Read Ageless: The Naked Truth About Bioidentical Hormones Online
Authors: Suzanne Somers
Tags: #Women's Health, #Aging, #Health & Fitness, #Self-Help
We know that testosterone gets converted to estrogen by an enzyme called aromatase, especially in men who are overweight. We try to block aromatase with chrysin in a cream form and also with zinc
and vitamin C. By doing so, we are maximizing testosterone, preventing its conversion to estrogen, and at the same time treating the prostate.
SS:
What does the future hold for antiaging medicine?
MG:
The big hope is stem cell therapy, in which stem cells (cells that are capable of becoming all or many of the different kinds of tissues in the human body) can be injected into the brain, the heart cells, or other parts of the body in order to get them to repair damaged cells.

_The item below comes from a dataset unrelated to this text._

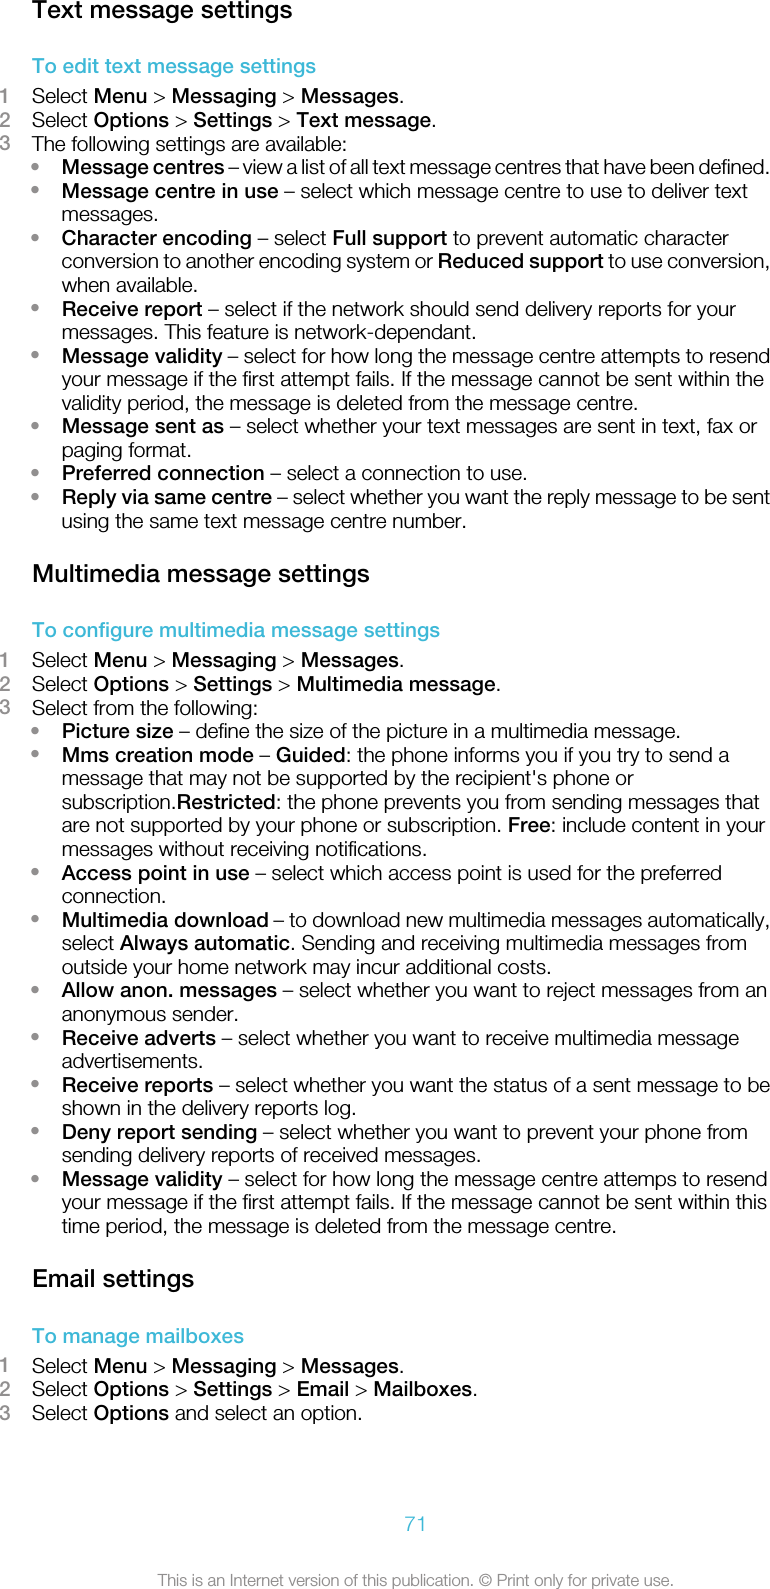 Text message settingsTo edit text message settings1Select Menu &gt; Messaging &gt; Messages.2Select Options &gt; Settings &gt; Text message.3The following settings are available:•Message centres – view a list of all text message centres that have been defined.•Message centre in use – select which message centre to use to deliver textmessages.•Character encoding – select Full support to prevent automatic characterconversion to another encoding system or Reduced support to use conversion,when available.•Receive report – select if the network should send delivery reports for yourmessages. This feature is network-dependant.•Message validity – select for how long the message centre attempts to resendyour message if the first attempt fails. If the message cannot be sent within thevalidity period, the message is deleted from the message centre.•Message sent as – select whether your text messages are sent in text, fax orpaging format.•Preferred connection – select a connection to use.•Reply via same centre – select whether you want the reply message to be sentusing the same text message centre number.Multimedia message settingsTo configure multimedia message settings1Select Menu &gt; Messaging &gt; Messages.2Select Options &gt; Settings &gt; Multimedia message.3Select from the following:•Picture size – define the size of the picture in a multimedia message.•Mms creation mode – Guided: the phone informs you if you try to send amessage that may not be supported by the recipient&apos;s phone orsubscription.Restricted: the phone prevents you from sending messages thatare not supported by your phone or subscription. Free: include content in yourmessages without receiving notifications.•Access point in use – select which access point is used for the preferredconnection.•Multimedia download – to download new multimedia messages automatically,select Always automatic. Sending and receiving multimedia messages fromoutside your home network may incur additional costs.•Allow anon. messages – select whether you want to reject messages from ananonymous sender.•Receive adverts – select whether you want to receive multimedia messageadvertisements.•Receive reports – select whether you want the status of a sent message to beshown in the delivery reports log.•Deny report sending – select whether you want to prevent your phone fromsending delivery reports of received messages.•Message validity – select for how long the message centre attemps to resendyour message if the first attempt fails. If the message cannot be sent within thistime period, the message is deleted from the message centre.Email settingsTo manage mailboxes1Select Menu &gt; Messaging &gt; Messages.2Select Options &gt; Settings &gt; Email &gt; Mailboxes.3Select Options and select an option.71This is an Internet version of this publication. © Print only for private use.

As far as patients are concerned, I believe we can all live to be a hundred. When I ask my patients if they want that, they all say yes, but not if they are in a wheelchair or nursing home. People are now starting to realize that they are going to live longer. They are not going to be able to retire at sixty-five anymore. All insurance, including life insurance, is going to have to change drastically. In addition, there will be greater use of growth hormone in the future. Growth hormone enhances body proteins. It uses up fat storage, and it conserves carbohydrates. Growth hormone scares people, because they think it might fuel cancer growth, but it is really a metabolic hormone.
SS:
But shouldn’t you take growth hormone if it is low or missing?
MG:
Yes, but you should have a fasting blood test first. Growth hormone tapers off naturally with age, so most people’s growth hormones are low. When in range, it is at 130 to 350.
SS:
What else do growth hormones do for you? My son, Bruce, injects HGH every day because his blood tests showed that his levels were very low. He loves the way he feels on it, and he also has a six-pack abdomen since he’s been injecting.
MG:
Growth hormone has many benefits. It promotes wound healing, improves vitality and energy, reduces body fat, increases lean body mass, strengthens muscles, and improves skin elasticity.
SS:
Isn’t it in a state of hormonal imbalance that disease can take hold?
MG:
Yes, definitely, and also, if you look at the progression of disease as you grow older, you’re exposed to more toxins. Your liver, kidneys, and lymph system no longer have the strength to pull out the toxins. Consequently, toxins start to accumulate in your body. Then
your liver, kidneys, and lymph system call out to the glands for reinforcement. And they say to the glands, Come on, secrete more hormones and make us a little stronger.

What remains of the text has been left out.